Senior Destiny 2 devs behind mystery project leave as part of massive reductions

Staring at a huge pink triangle in Destiny 2: The Final Shape.
Image credit: Rock Paper Shotgun/Bungie

Bungie have reportedly cancelled Payback, an unannounced project in the Destiny universe from former Destiny 2 game director Luke Smith and project lead Mark Noseworthy. Both Noseworthy and Smith appear to have lost their jobs in the course of Bungie's brutal cost-cutting this week, but Payback's cancellation pre-dates the layoffs. Envisaged as a Destiny spin-off, rather than Destiny 3, it was apparently dropped "a while ago".

All that's according to Gamespot's Tamoor Hussain, Giant Bomb's Jeff Grubb and Bloomberg's Jason Schreier (the source of the "a while ago" quote), as reported by Eurogamer. Payback's existence came to light in April, though Bungie have yet to formally comment on the subject. According to one self-alleged leaker, the name is a reference to "Bungie getting payback against themselves by creating something they hope everyone will love". I don't quite follow this explanation, but the leaker in question did correctly predict the introduction of Destiny 2's Prismatic character subclass, so they're more trustworthy than the average redditor with a bridge to sell.

Payback's cancellation seems to have paved the way for Smith and Noseworthy's departures. Gamespot sources claim that executive restructuring during this week's layoffs means the pair have "no path forward at Bungie".

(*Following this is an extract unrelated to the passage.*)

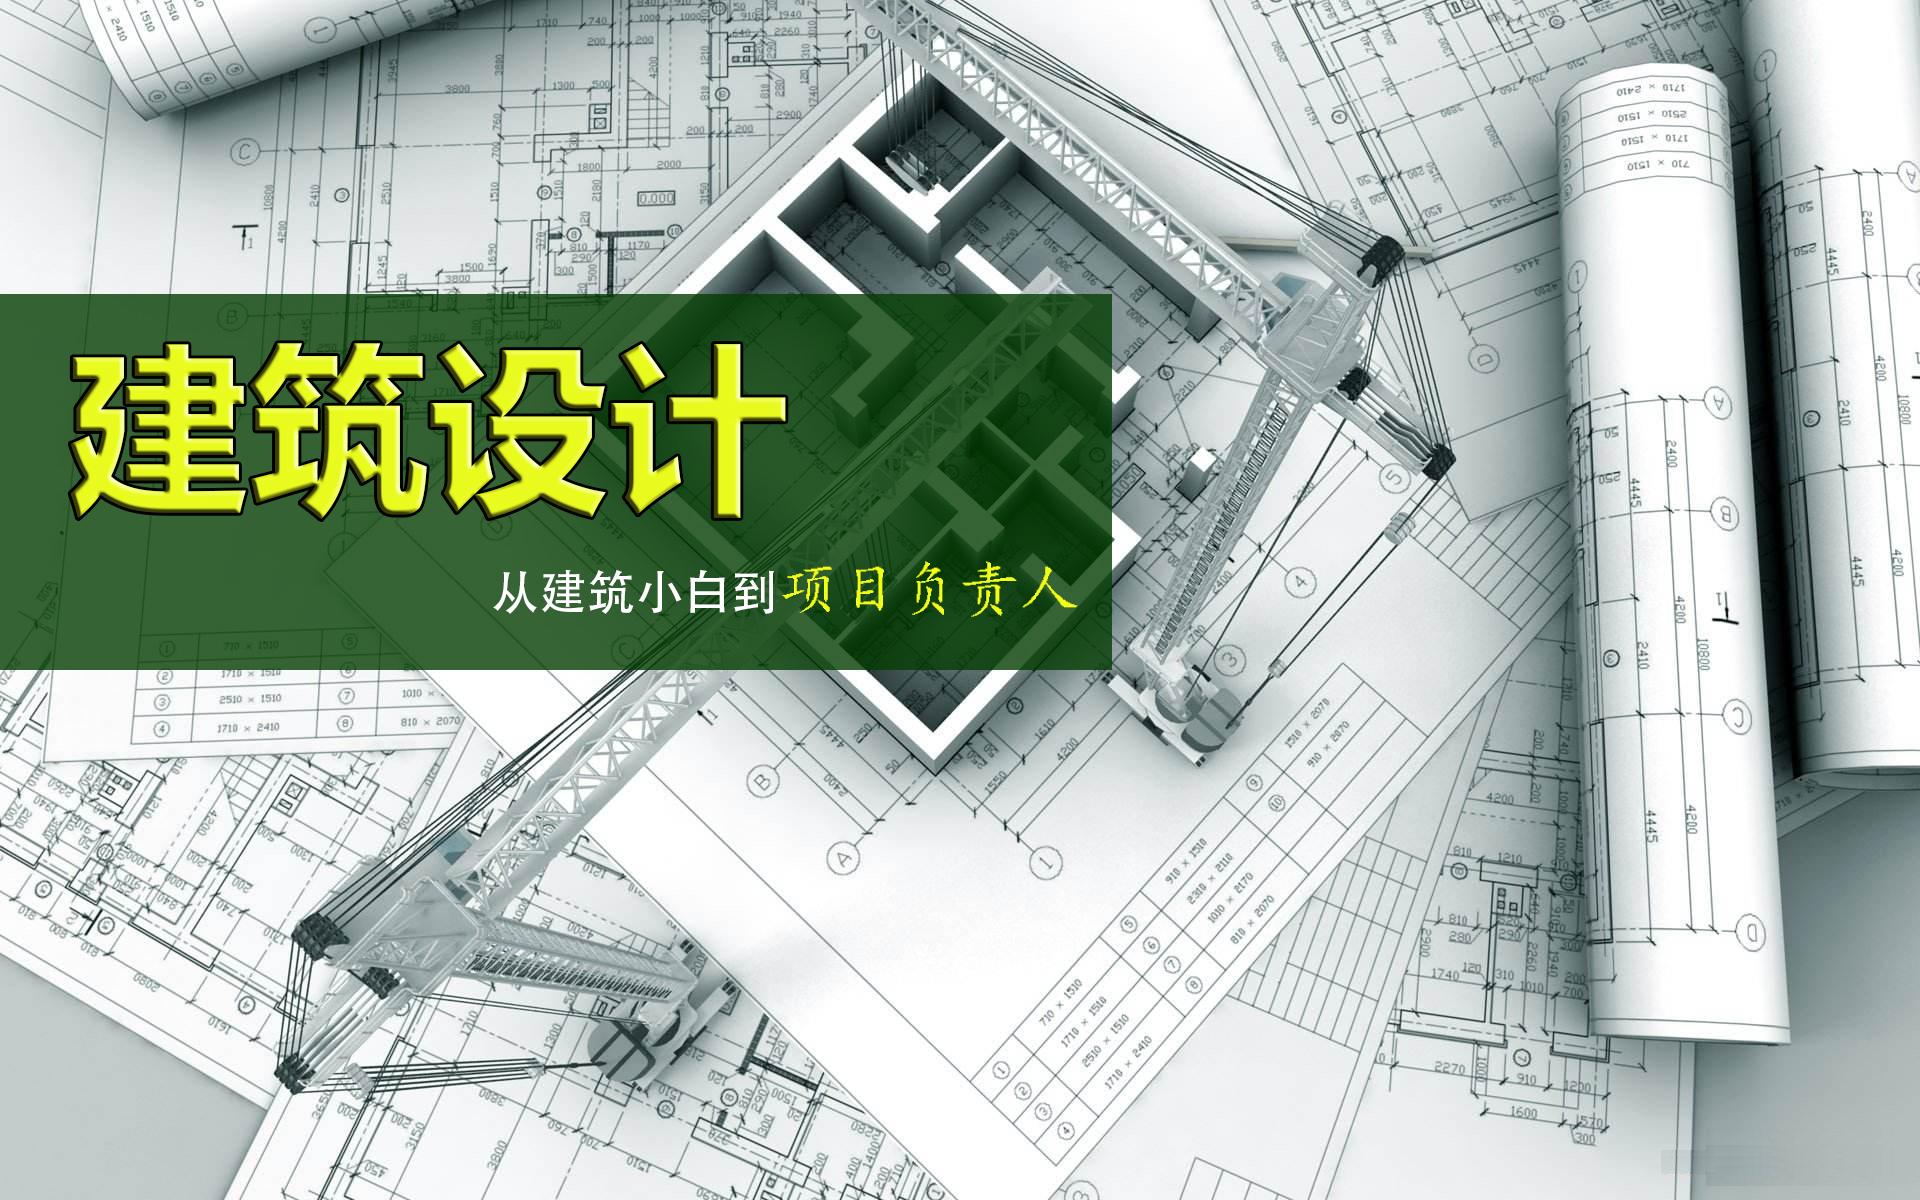 天正建筑设计从建筑小白到项目负责人

The shockwaves from Bungie's headcount reduction continue to spread. As Nic wrote earlier today, insiders allege that the cuts have been in the works for a while, regardless of the success or not of Destiny 2's excellent recent expansion The Final Shape. Many of The Final Shape's senior team are now gone, including senior narrative designer Robert Brookes and narrative lead Kwan Perng - a miserable reward for yanking Destiny 2 out of the nose-dive instigated by the disastrous Lightfall expansion.

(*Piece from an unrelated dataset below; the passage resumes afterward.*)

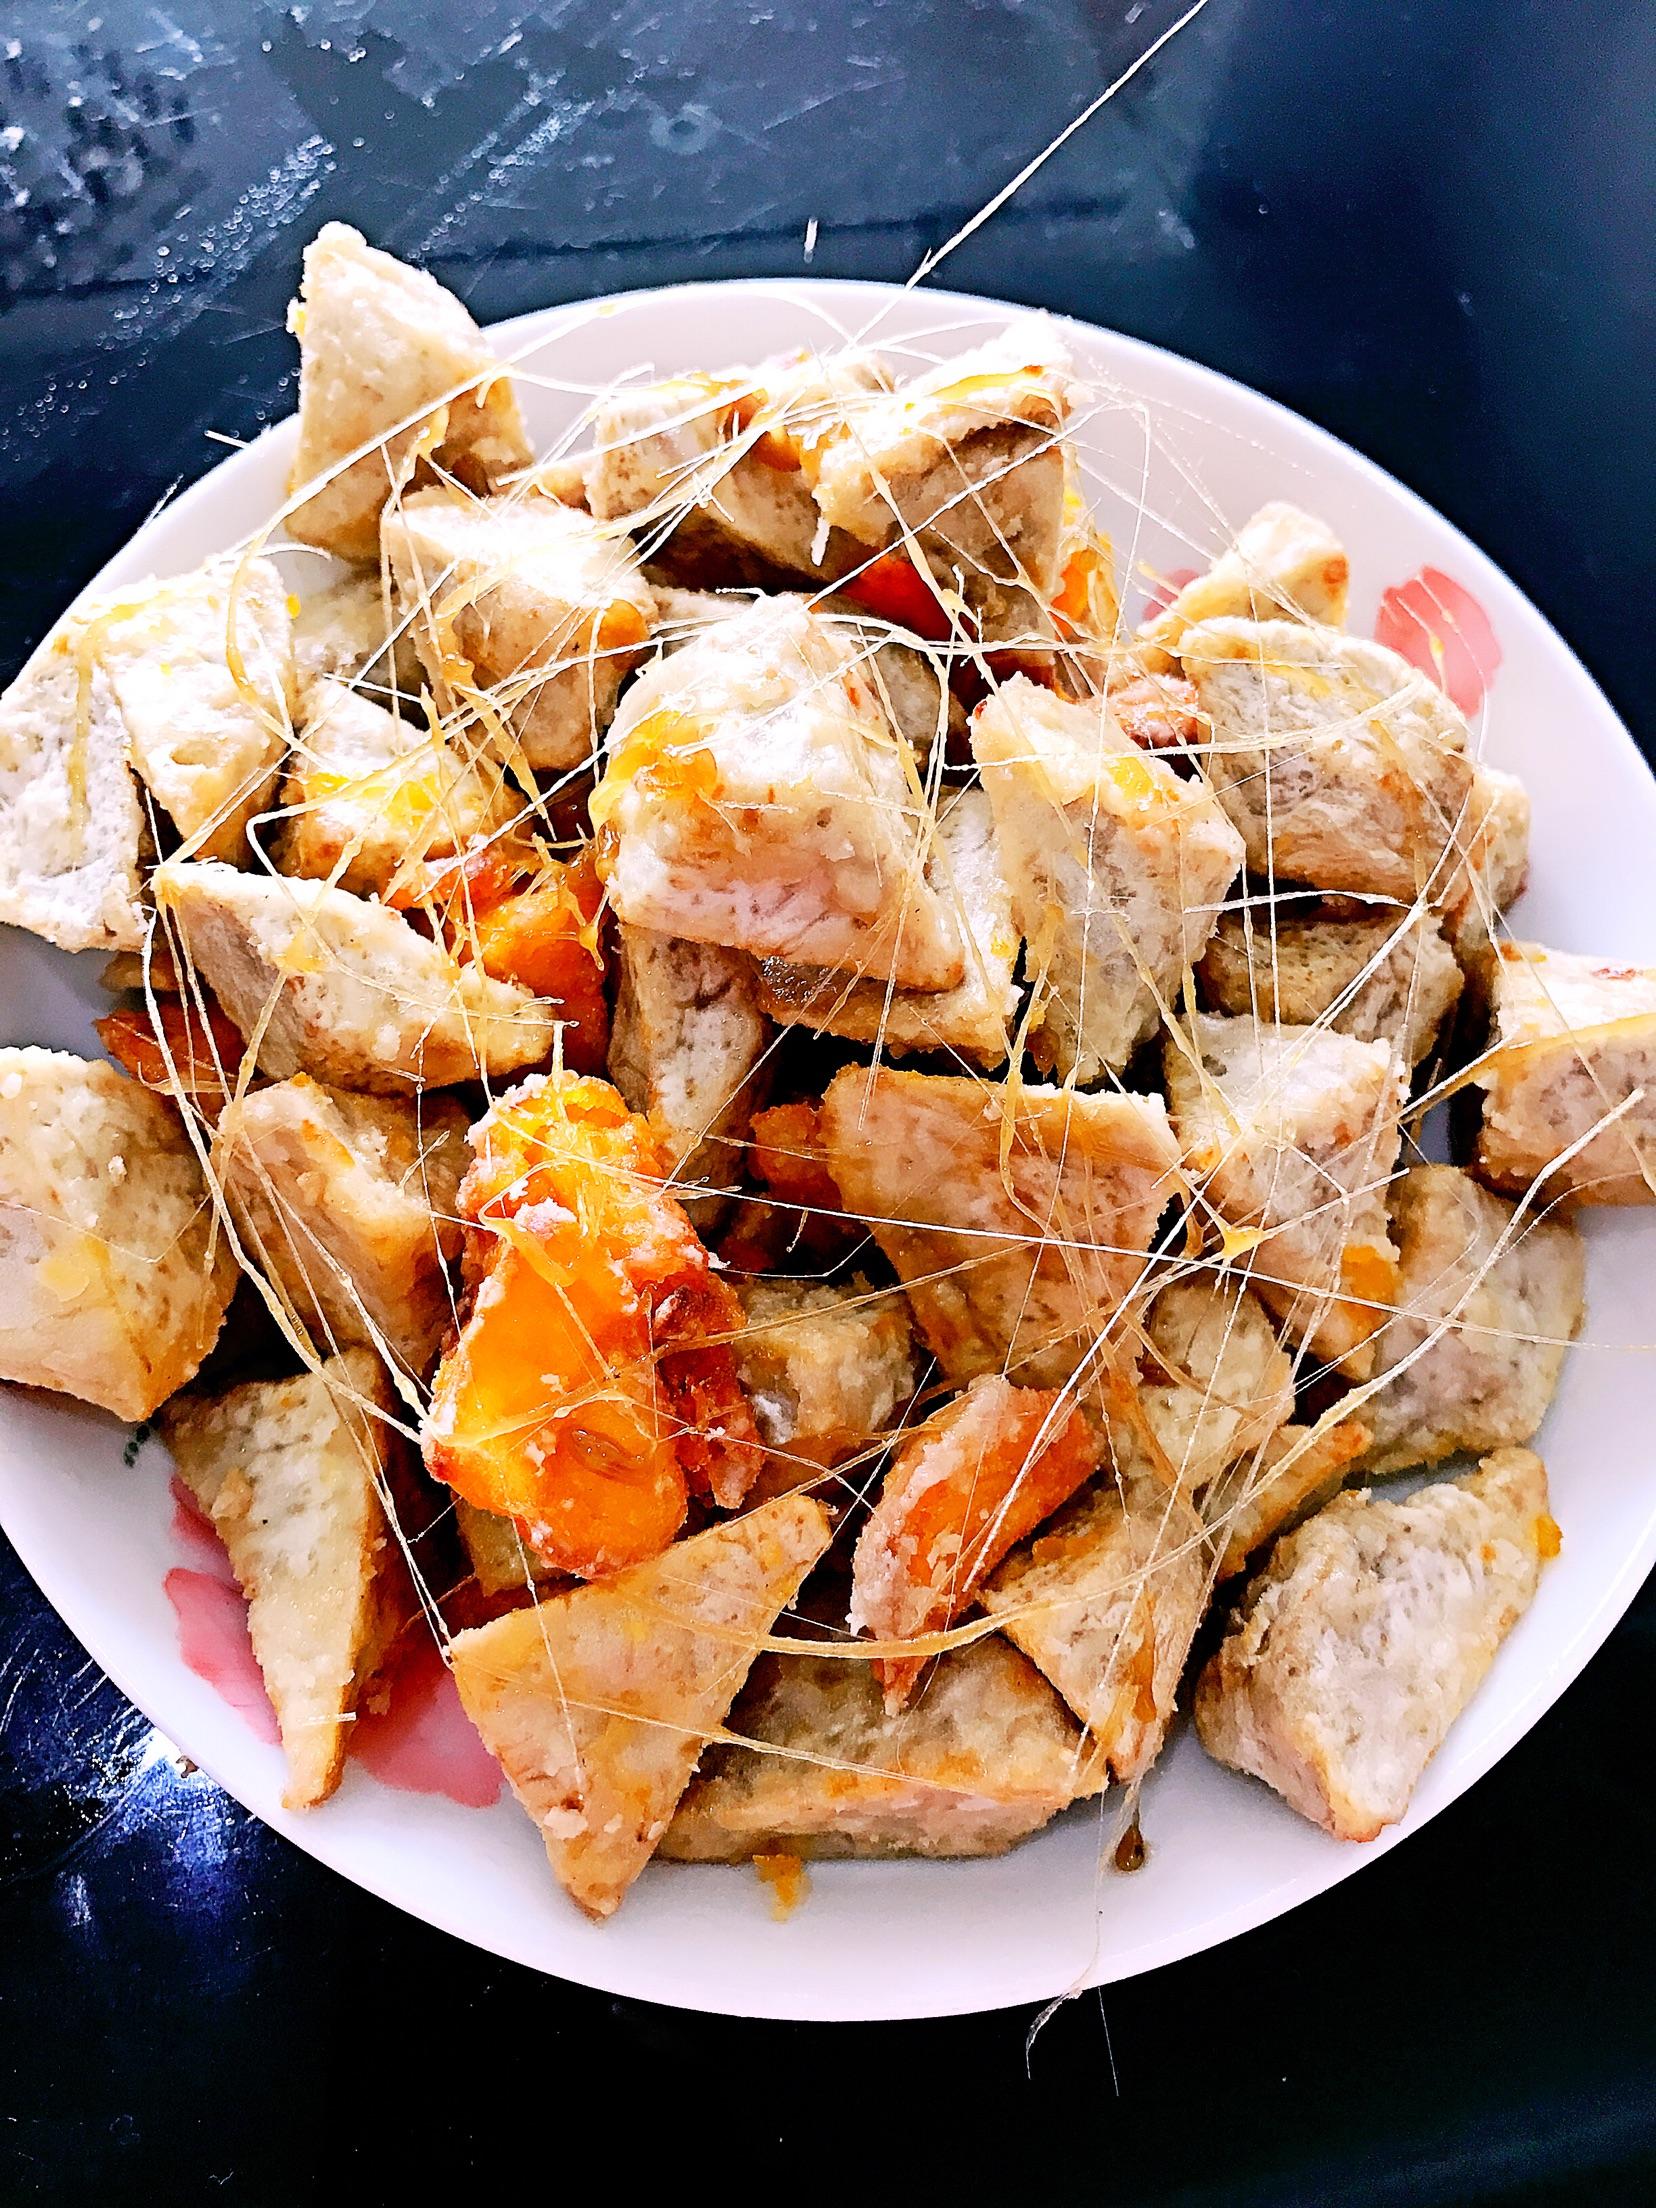 麻 婆 豆腐 カロリー 麻婆豆腐はお婆さんが作った料理?その由来とは

Aside from laying off staff, Bungie have also transferred 155 roles to parent company Sony Interactive Entertainment. Some of those roles will form a new PlayStation studio working on an untitled "action game set in a brand-new science-fantasy universe". Those remaining at Bungie will double down on development of the Marathon reboot and future Destiny projects.

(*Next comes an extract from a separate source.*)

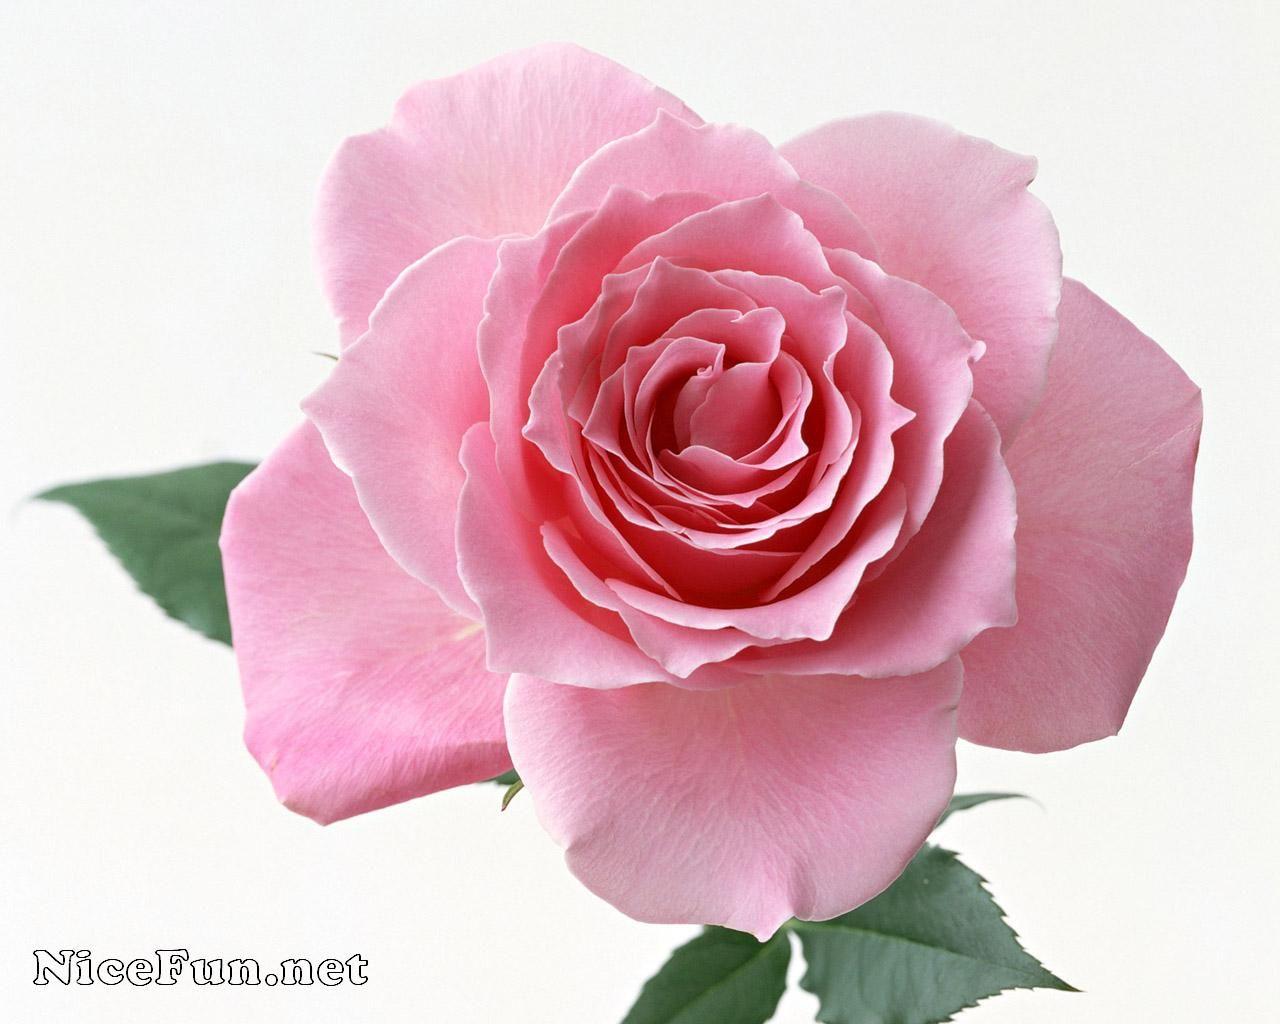 Beautiful roses most beautiful roses wallpapers for your desktop beautiful roses most beautiful roses wallpapers for your desktop free wallpapers izmirmasajfo

This week's layoffs were announced by Bungie CEO Pete Parsons, who confessed that Bungie leadership have been "over-ambitious" in their handling of the business. Parsons has been lying low on social media after it was discovered that he'd spent $2,414,550 on cars since September 2022, including a Porsche costing over $200,000 in the wake of a previous round of layoffs last October.

$2,414,550 is a tiny dent in the outgoings of a video game developer that even now has around 850 people on the books, but still - I wonder how many narrative designers you can hire for $2,414,550? Payback is certainly the word: laid-off Bungie developers and Destiny players continue to call on Parsons to do the decent thing and resign his position.